22.214.171.124 Receiving an SMB_COM_TREE_CONNECT_ANDX Request
Requesting Extended Information
If the TREE_CONNECT_ANDX_EXTENDED_RESPONSE is set in the Flags field of the SMB_COM_TREE_CONNECT_ANDX request, then the server MUST respond with the structure specified in section 126.96.36.199.2.
The server MUST populate the SMB_Parameters.Words.OptionalSupport field of the response with a value of Server.Share.OptionalSupport.
The server SHOULD<115> set SMB_UNIQUE_FILE_NAME bit in the OptionalSupport field if Share.ShareFlags contains the SHI1005_FLAGS_ALLOW_NAMESPACE_CACHING constant.
The server MUST calculate the maximal share access rights for the user that requests the tree connect using the following algorithm.
MaxRights = 0x00000000 IF Server.Share.FileSecurity == NULL MaxRights = 0xFFFFFFFF ELSE FOR EACH AccessBit value defined in section 188.8.131.52 Compute access for the user, using Server.Share.FileSecurity and Server.Session.SecurityContext, as described in [MS-DTYP] section 184.108.40.206. IF access was granted MaxRights = MaxRights | AccessBit; END IF END FOR END IF
The computed MaxRights ACCESS_MASK MUST be placed in the SMB_Parameters.Words.MaximalShareAccessRights of the response. The server MUST set TreeConnect.MaximalAccess to MaximalShareAccessRights. If no access is granted for the client on this share, the server MUST fail the request with STATUS_ACCESS_DENIED and MUST increase ServerStatistics.sts0_permerrors by 1.

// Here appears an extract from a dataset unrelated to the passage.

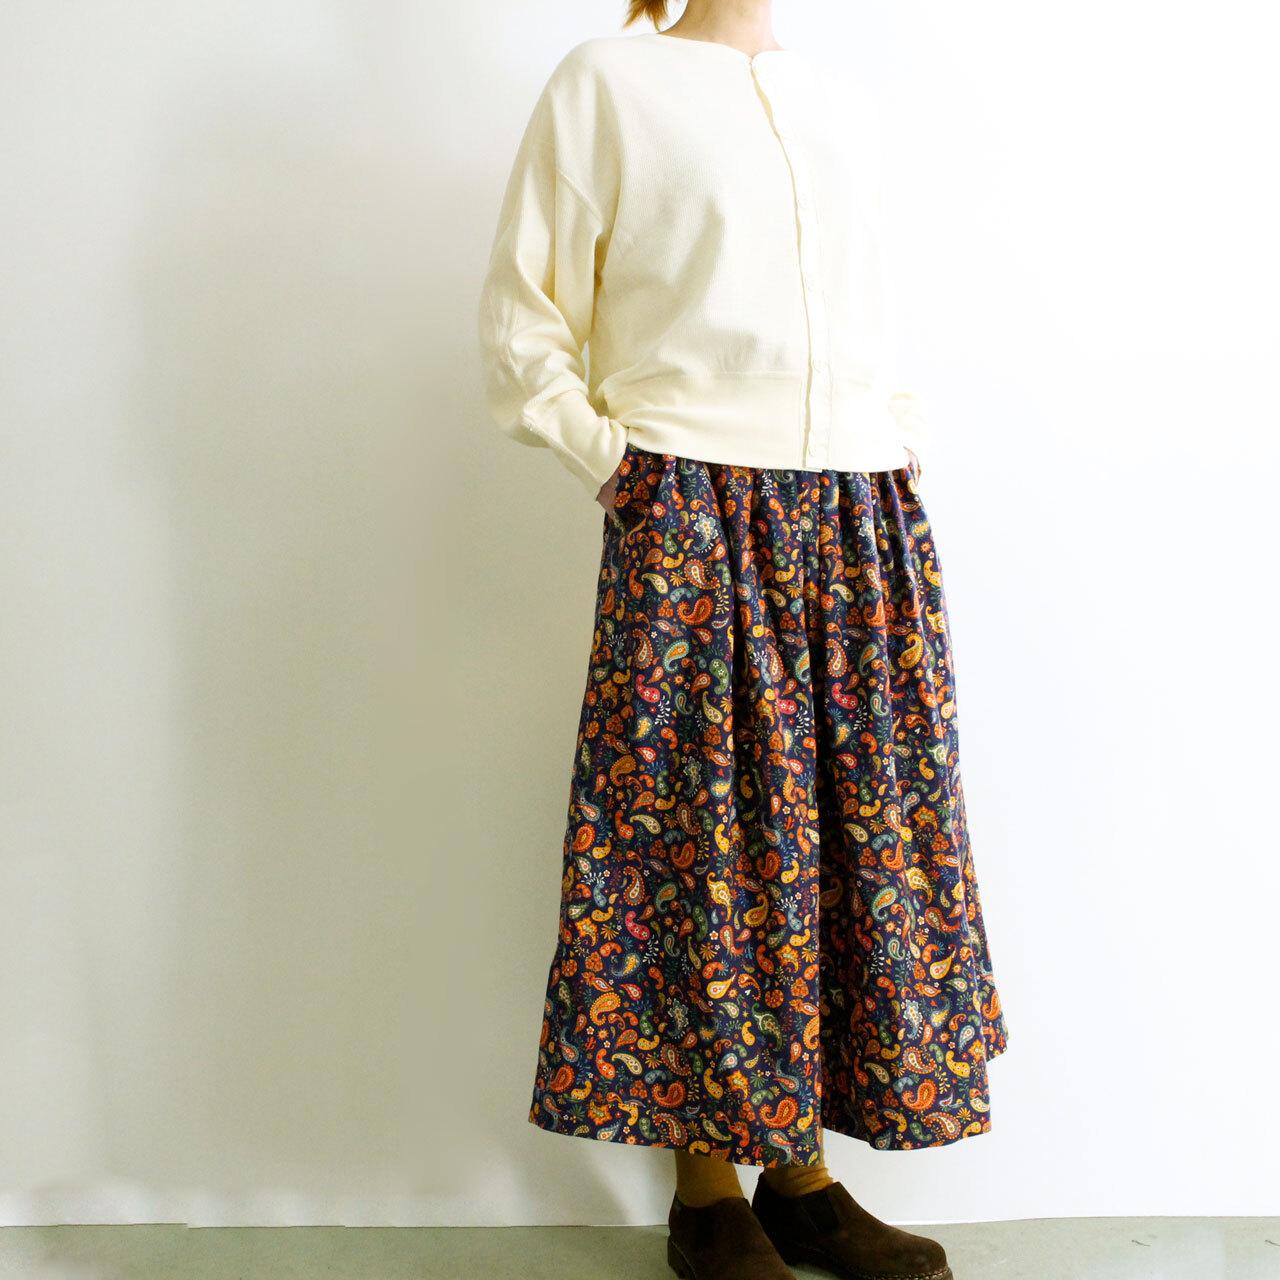 TINKERS ティンカーズ オリジナルプリント ギャザースカート

Using the same algorithm, the SMB_Parameters.Words.GuestMaximalAccessRights field of the response SHOULD<116> be set to the calculated highest access rights the guest account has on this share. Instead of using Server.Session.SecurityContext, the server MUST use the guest account's security context. If the system does not support the guest account, then it MUST set GuestMaximalAccessRights to zero.
Session Key Protection
If the client has set the TREE_CONNECT_ANDX_EXTENDED_SIGNATURE bit in the Flags field of the SMB_COM_TREE_CONNECT_ANDX request, then the server MUST hash the session key of the calling user. This protects the key used for signing by making it unavailable to server-side applications.
The one-way hash MUST be performed on the user session key by using the HMAC-MD5 algorithm, as specified in [RFC2104]. The steps are as follows:
Take the 16-byte user session key from Server.Session.SessionKey.

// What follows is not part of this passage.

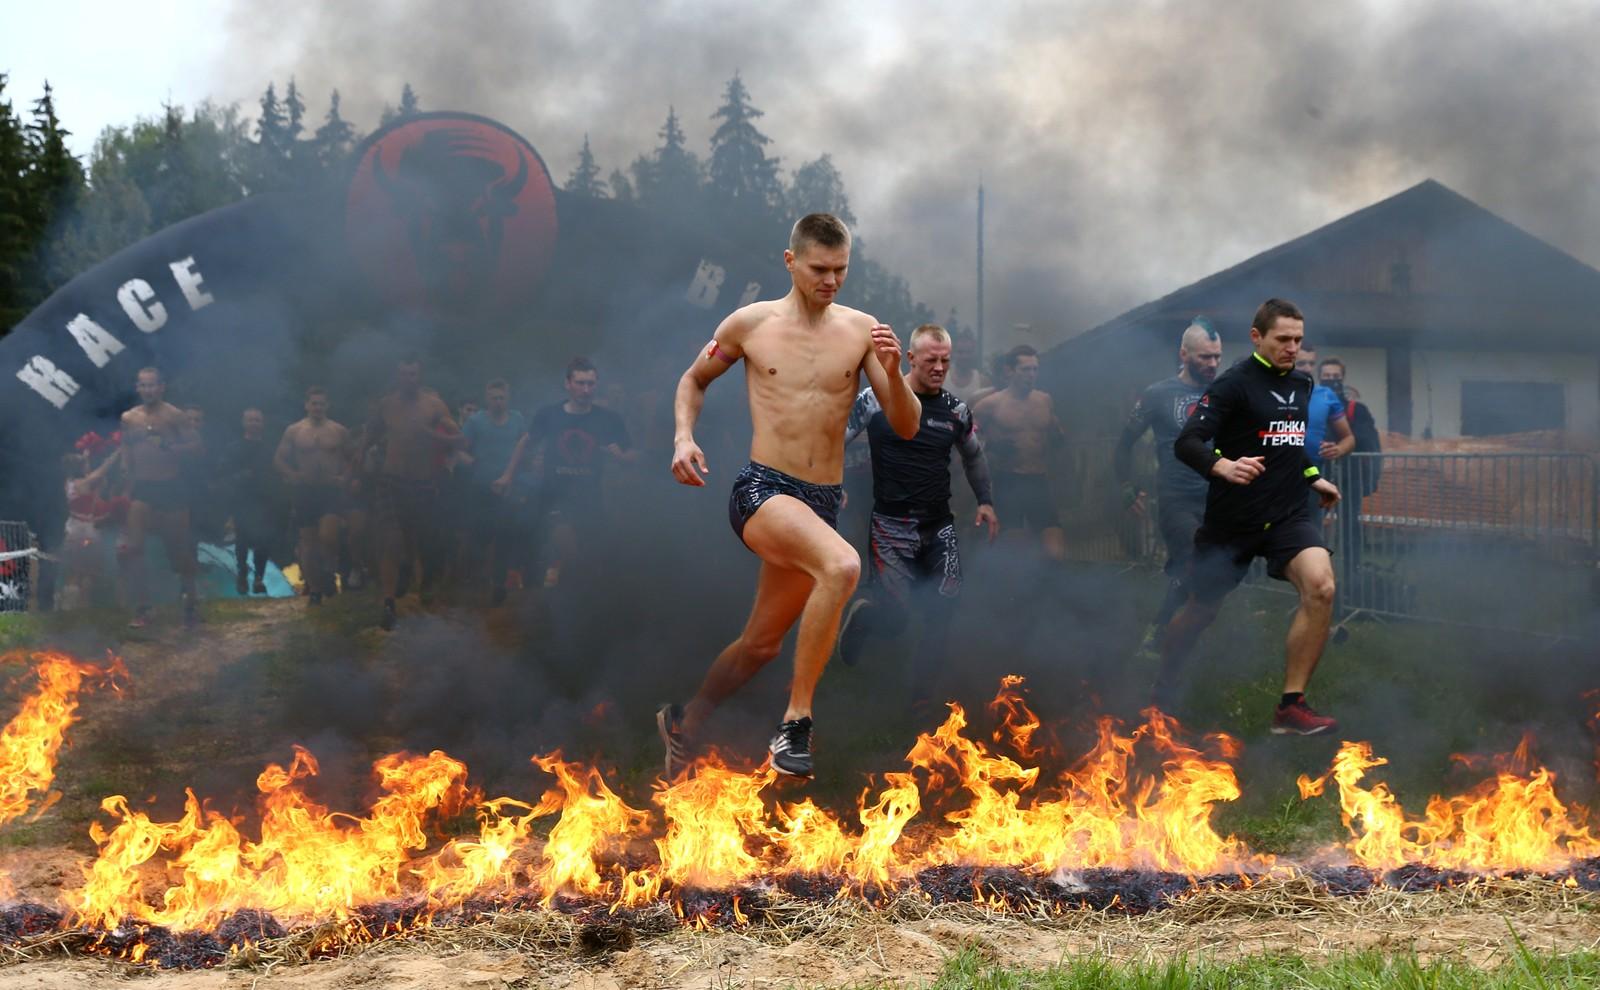 Deltakene i aksjon under Bisonløpet, som er et ekstremt hinderløp, ved landsbyen Logoisk i Hviterussland 17. september.

If this is an LM authentication where the session key is only 8 bytes, then zero extend it to 16 bytes.
If the session key is more than 16 bytes, then use only the first 16 bytes.
Calculate the one-way hash as follows:
CALL hmac_md5( SSKeyHash, 256, session key, session key length, digest ) SET user session key = digest
The resulting 16-byte digest is treated as the user's new session key and returned to the caller who requests it. SSKeyHash is the well-known constant array that is described in section 220.127.116.11.
After the session key has been hashed, the server MUST place the hash into Server.Session.SessionKey and set Server.Session.SessionKeyState to Available, which allows applications to query the session key. If the TREE_CONNECT_ANDX_EXTENDED_SIGNATURE bit is not set, then the Server.Session.SessionKey is not changed and Server.Session.SessionKeyState MUST be set to Available.